Without loss of generality we can assume that $\prob(S_n \in A) \ge \prob(Z \in A)$ . This allows us to conclude that $\{S_n \in A\} \supseteq \{Z \in A\}$ . Now, we isolate the set where $\{S_n \neq Z\}$ by noting that

$\prob(S_n \in A) - \prob(Z \in A) \le \prob(S_n \in A) - \prob(S_n \cap Z \in A) = \prob(S_n \neq Z).$

One down, two to go.

Proof of (2).

First, let’s rewrite $\prob(S_n \neq Z)$ as $\prob \left( \sum_i X_i \neq Z \right)$ . This implies that there’s at least one $X_i$ not equal to $Y_i$ . (The at least phrase should be triggering the part of your brain associated with unions.) So, we have that

$\prob \left( \bigcup_{i=1}^n \{X_i \neq Y_i\} \right) \le \sum_{i=1}^n \prob(X_i \neq Y_i)$

by the subadditivity of probability.

Two down, one to go.

Proof of (3).

Using our definitions of $X_i$ and $Y_i$ , we can write

$\begin{align*} \prob(X_i \neq Y_i) &= 1 - \prob(X_i = 0) - \prob(Y_i = 1) \\ &= 1 - (1 - p_i) - p_i e^{-p_i} \\ &= p_i - p_i e^{-p_i} \qquad \qquad \textsf{(because $(1-e^{-p_i}) \le p_i$)}\\ &\le p_i^2. \end{align*}$

Now, we sum both sides of the equation and we’ve got it.

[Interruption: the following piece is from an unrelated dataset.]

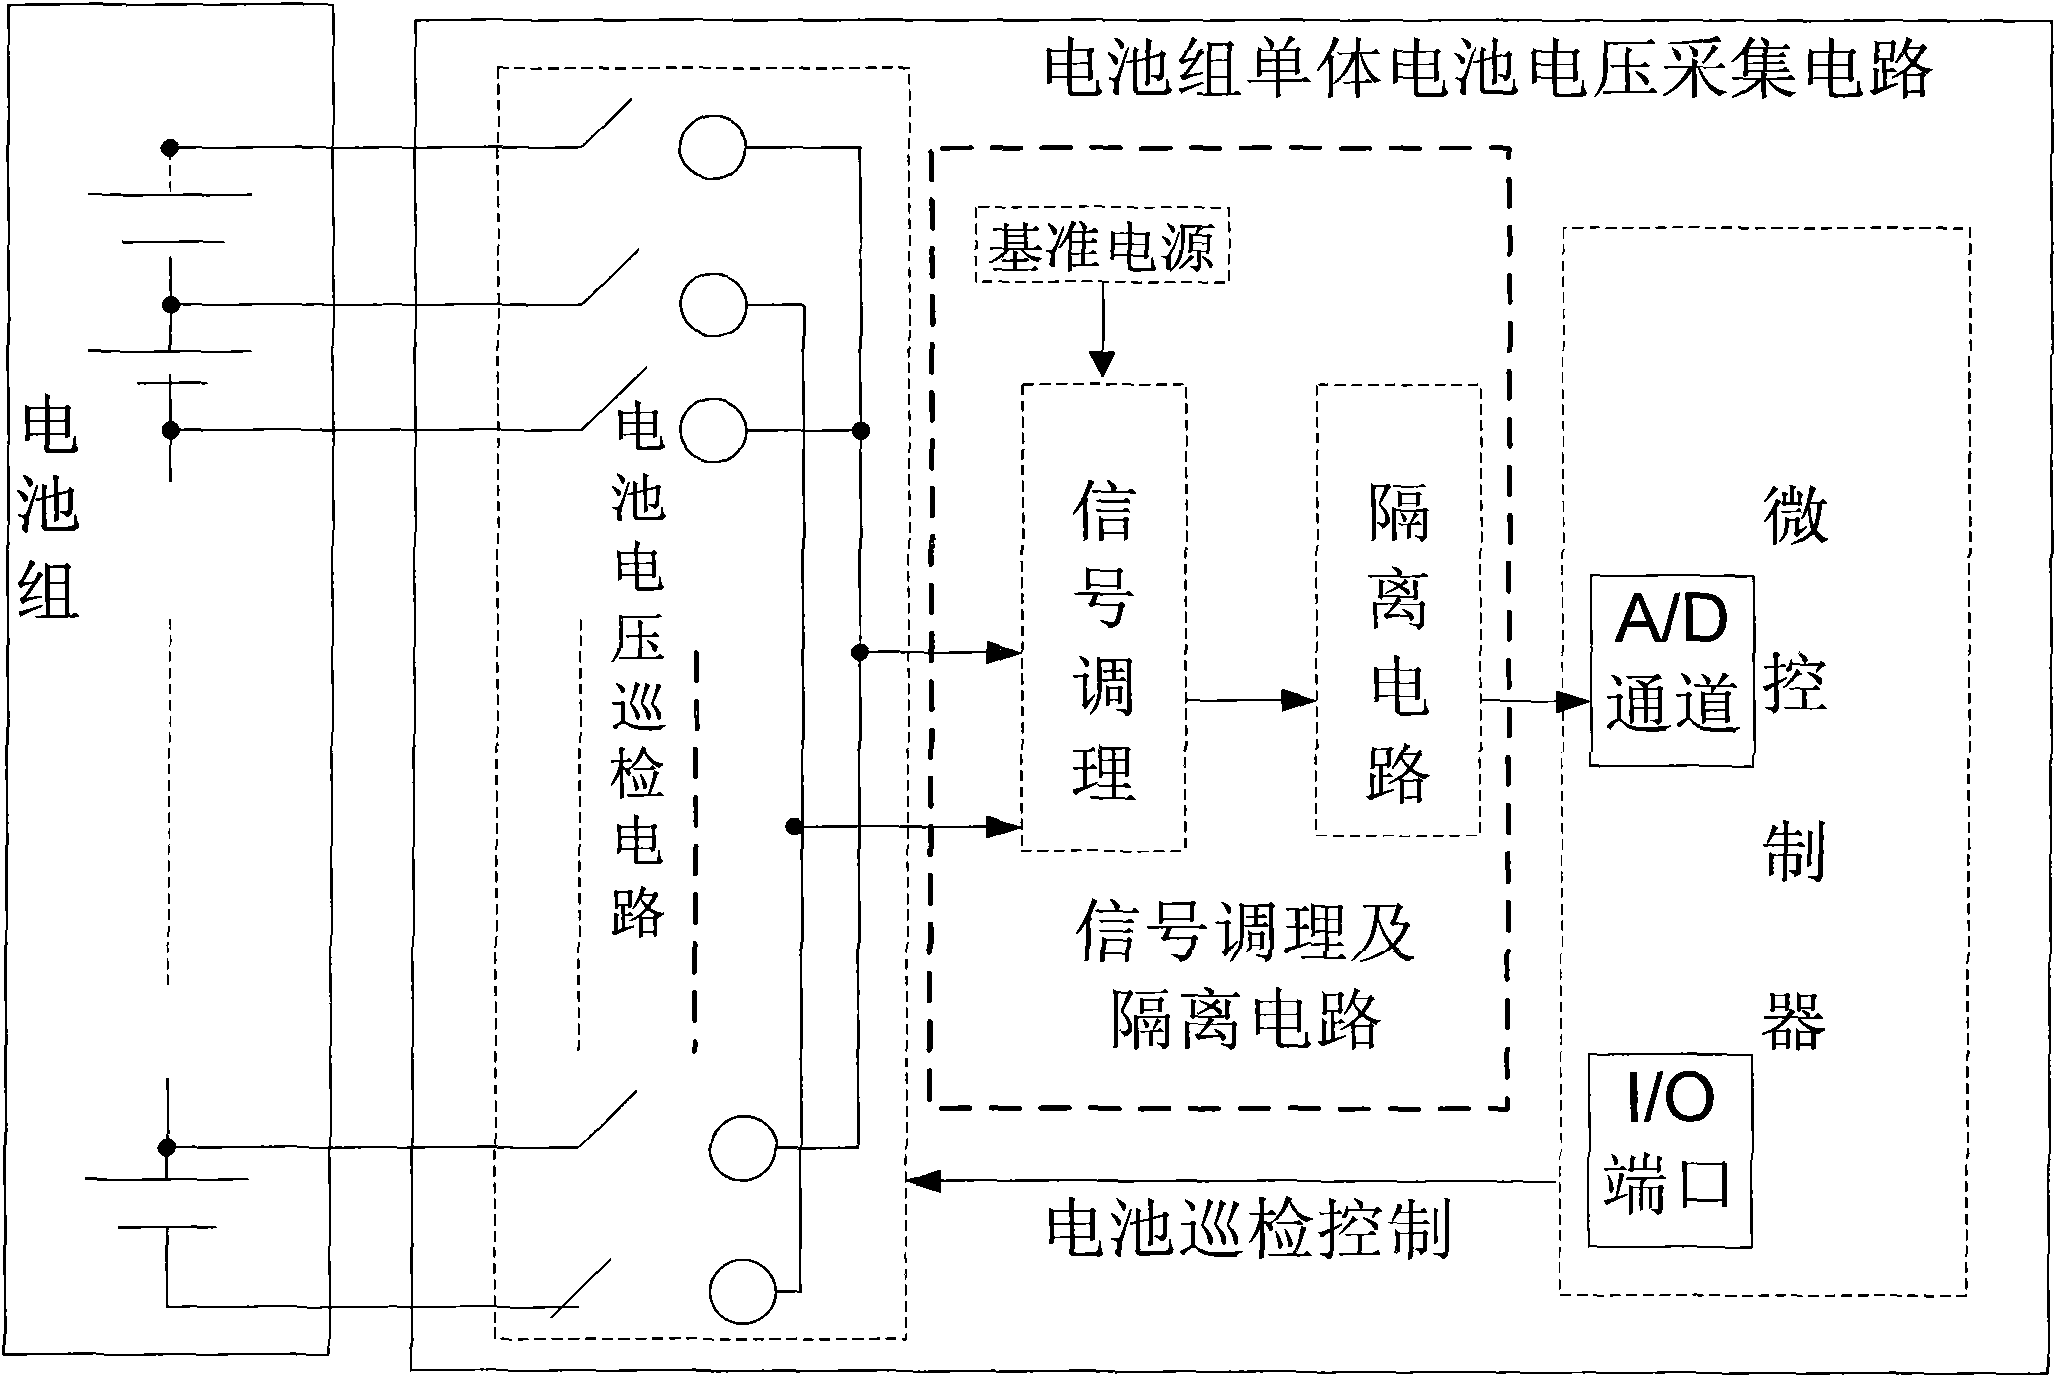 Voltage collecting circuit for monomer batteries of battery pack

Bringing it all back home.

Finally, chain the inequalities in (1), (2), and (3) together and we’ve proved Le Cam’s inequality. Heck yeah!

References

This post draws on material from:

Stephen Boyd’s “Convex Optimization Short Course” notes;
Fundamentals of Convex Analysis by Hiriart-Urruty and Lemaréchal; and
A Course in Large Sample Theory by Thomas Ferguson.